The marvelous thing about the book of Job is that it rejects both these answers. Job is not at fault– he is the perfect and the upright man. Nor is God at fault.


So why does Job suffer? The book that bears his name doesn’t tell us. There is no easy answer. Yet what I know about suffering why I know because of Job and because of Jesus, another sorrowing man who experienced sufferings he never deserved.
Here are some thoughts:
Job’s trials aren’t a way for God to test his faith: God already knows that Job is faithful. But Job’s trials do show Job that his faith is stronger than his suffering, that he can hold fast to his faith that God is good even when life is not.
As a Christian and a Latter-day Saint, I believe that by suffering the pains of our transgressions, imperfections, infirmities and illnesses Christ became Savior and Redeemer. God sent his only begotten Son to suffer. Why?

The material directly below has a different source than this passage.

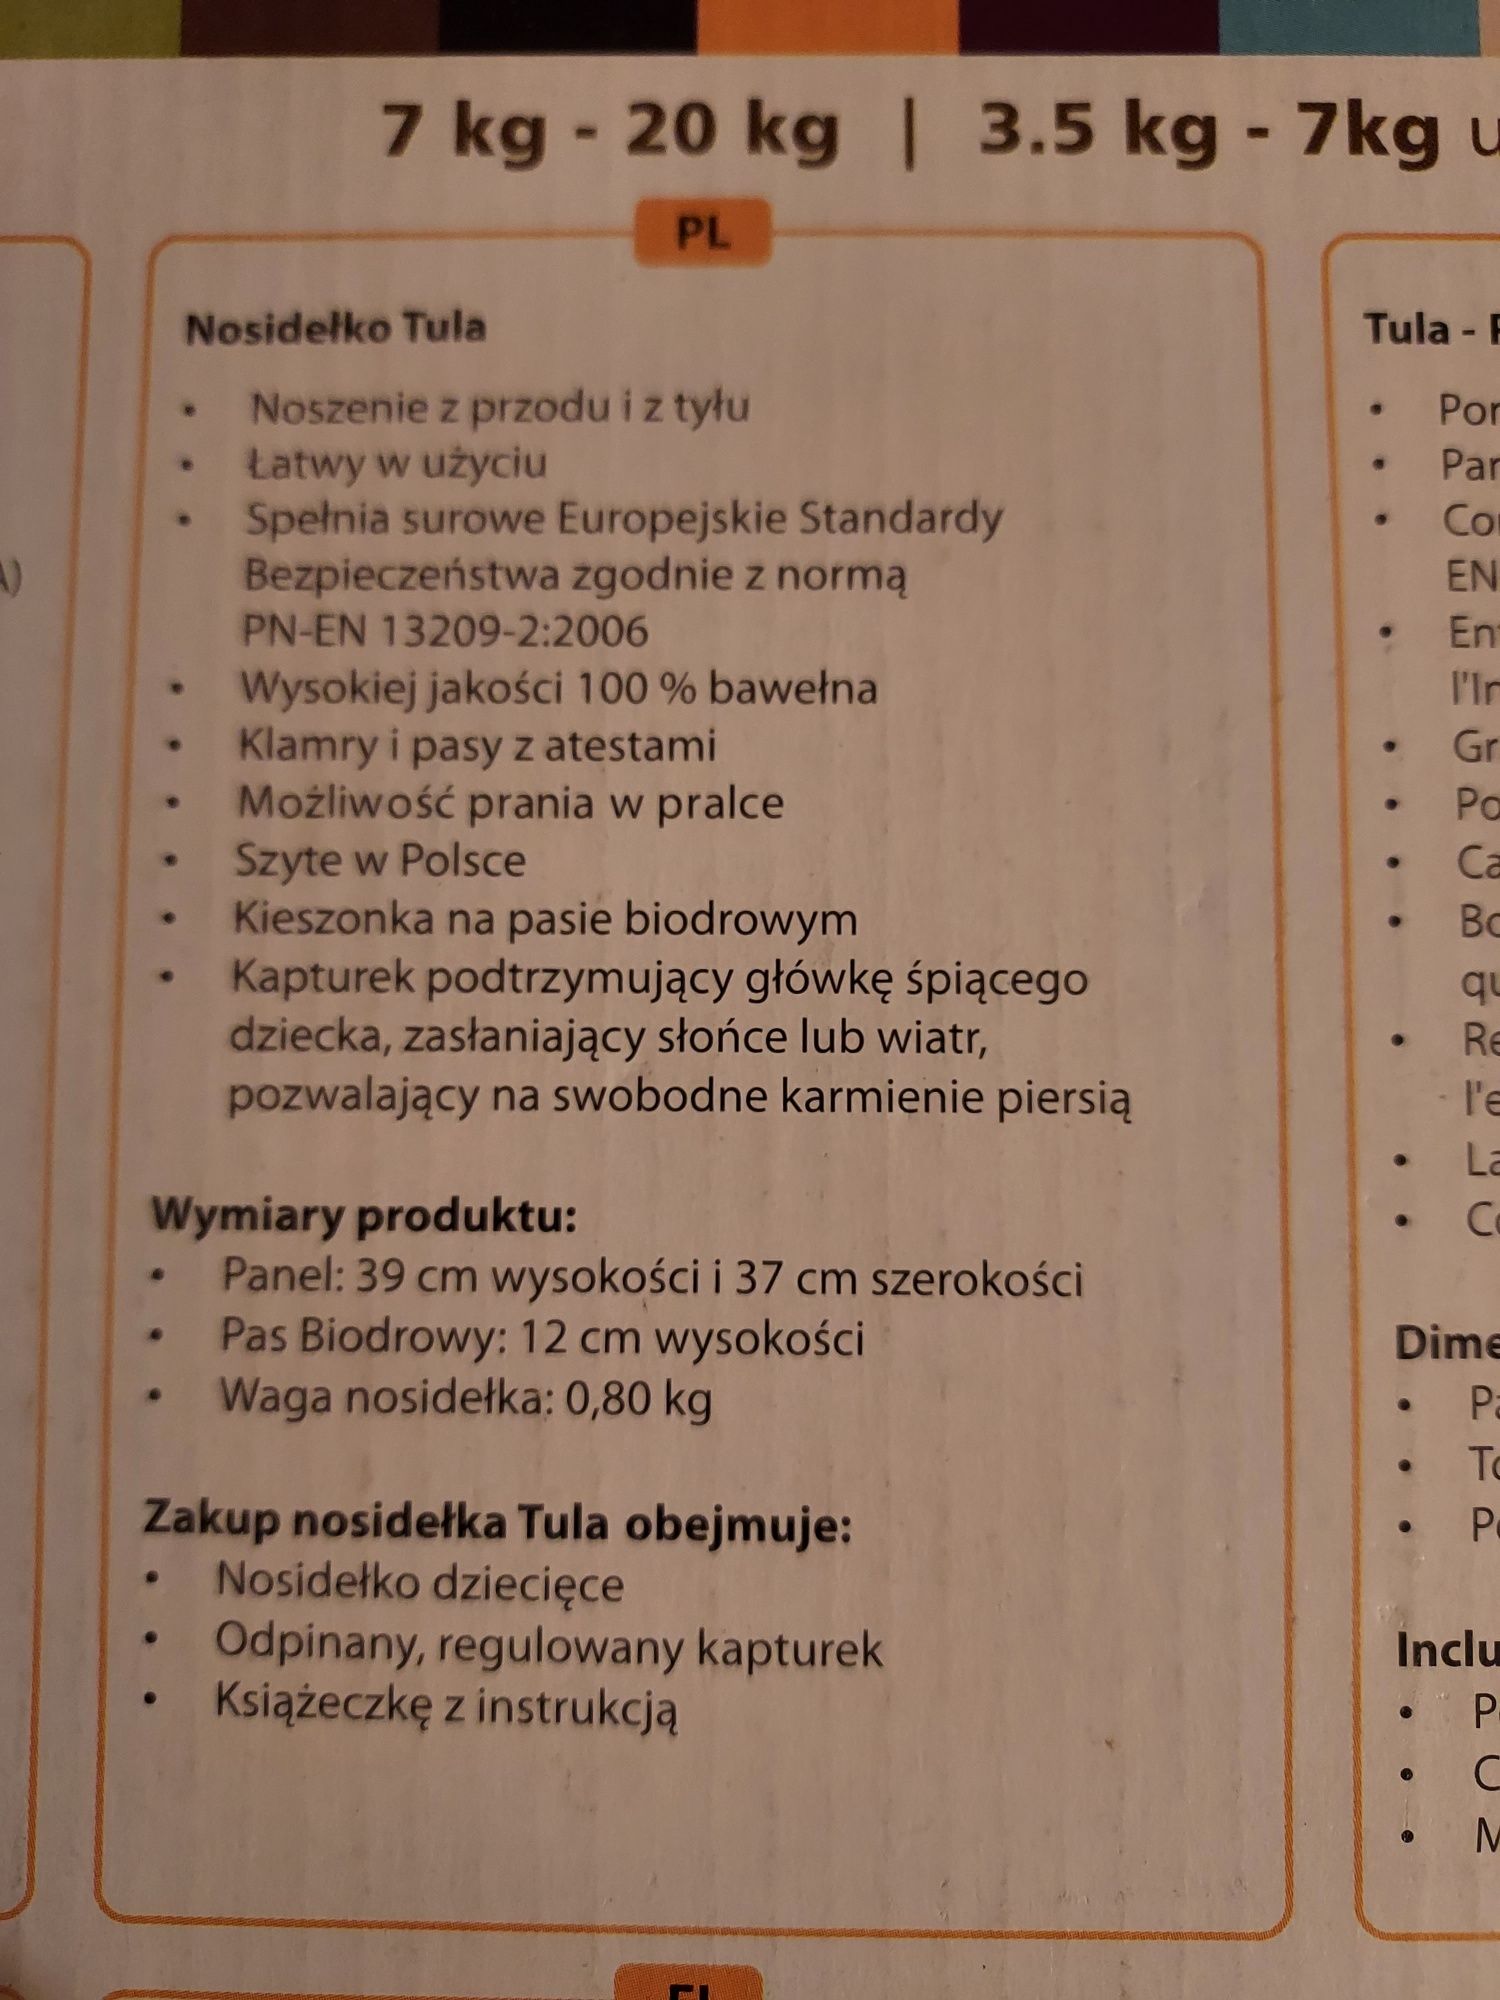 TULA Nosidło (220 zł)+ wkładka dla noworodka (50 zł)

I do not know. I will not be truly able to say until I hear an answer from God’s own mouth. But in the meantime I have His scriptures, which say that Christ “will take upon him [our] infirmities, that his bowels may be filled with mercy, according to the flesh, that he may know according to the flesh how to succor his people according to their infirmities” (Alma 7:12). Which means that Christ’s suffering was also Christ’s education, and what he learned was how to care for us, how best to love us.
And maybe that’s part of why we suffer too. We suffer so that we can be broken out of our own lives, so that we can learn to care for each other, so that with Job we can see God.